SED navigation bar go to SED home page go to Dataplot home page go to NIST home page SED Home Page SED Staff SED Projects SED Products and Publications Search SED Pages
Dataplot Vol 1 Vol 2

STREAM READ

Name:
    STREAM READ
Type:
    Support Command
Purpose:
    Read data and compute selected statistics without reading the full data set into memory.
Description:
    Dataplot is designed to be an "in memory" program. That is, when using the READ command, all of the data is read into memory. Although this is useful for running Dataplot interactively, large data sets are becoming more common. For these large data sets, it may not be possible to read all of the data into memory.

    The STREAM READ was added to allow some of these large data sets to be read and certain statistics to be computed without reading the entire data set into memory. Although there is a limited amount of analyses that can be performed with this command, it may allow some useful initial exploratory analysis to be performed on these large data sets.

    There are several variations of this command that will be described separately.

Syntax 1:
    STREAM READ WRITE FILE.DAT <x1> <x2> ... <xk>
    where <x1>, <x2>, ... <xk> is a list of variables to be read.

    This version of the command is used to read the input file and to write a new version of the data using a specified Fortran-like format.
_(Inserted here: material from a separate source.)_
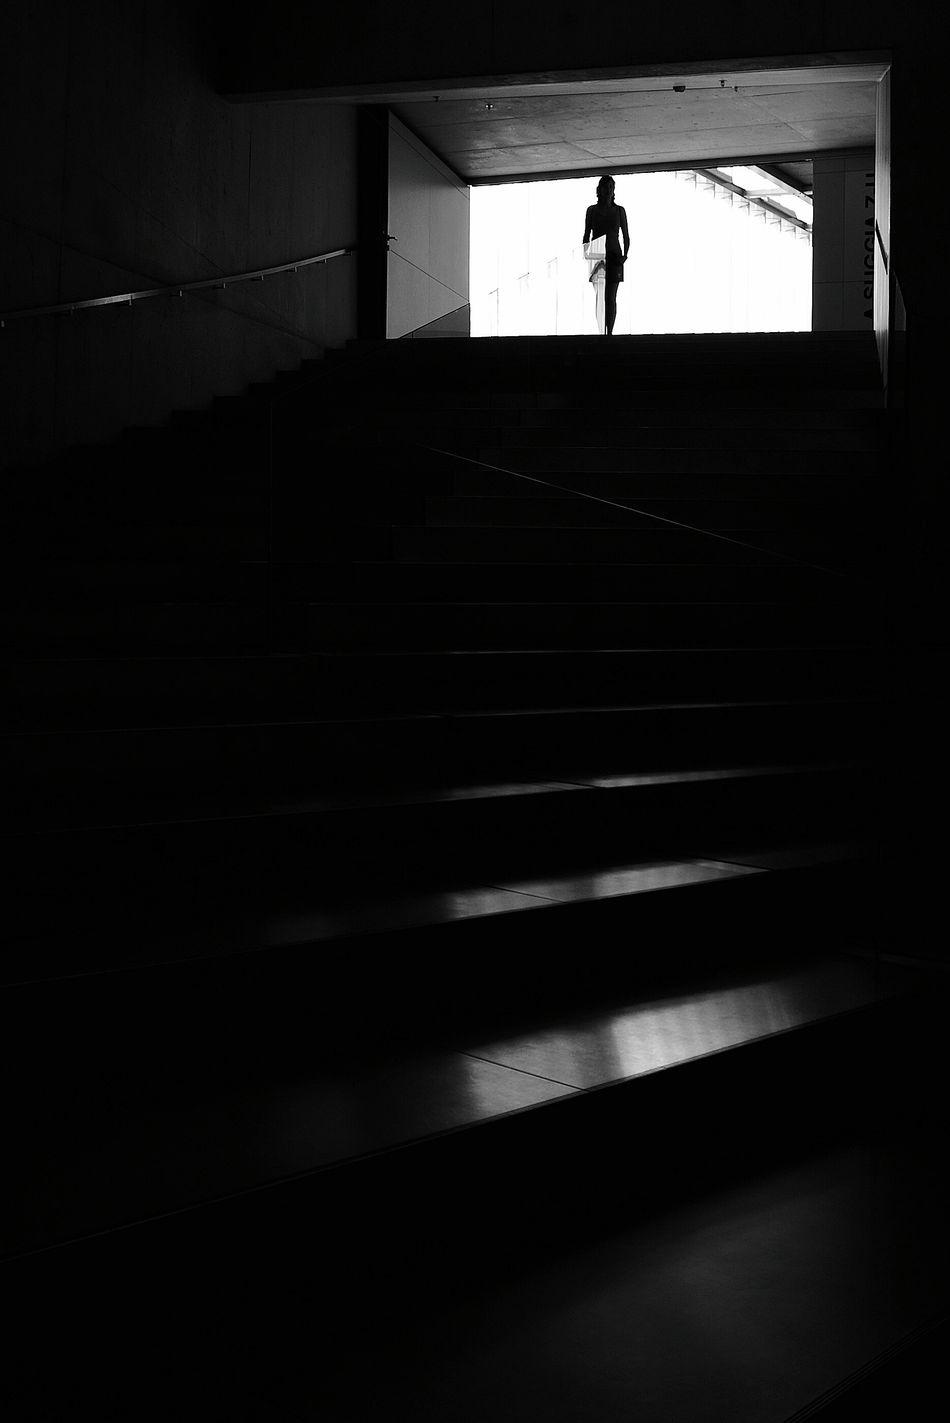 The Girl Who Wanted To Make Her Own Series Monochrome Getting Inspired Blanco & Negro  Black & White Blanco Y Negro EyeEm Best Shots - Black + White La Falsa Envoltura De Las Apariencias Siluetas Siluette

    This command is useful in the following way. Large data files can take a long time to read. If you can use the SET READ FORMAT command to read the data, this can significantly speed up the reading of the data For example, reading the data set used by the example programs below used 24.7 cpu seconds on a Linux machine running CentOS. Performing the same read on the same platform with a SET READ FORMAT required 0.6 cpu seconds. Cpu times will vary depending on the hardware and operating system, but this is indicative of the relative performance improvement that can be obtained by using the SET READ FORMAT command. This example file is not particularly large (361,920 rows). The speed improvement becomes even more important when we start dealing with multiple millions of rows.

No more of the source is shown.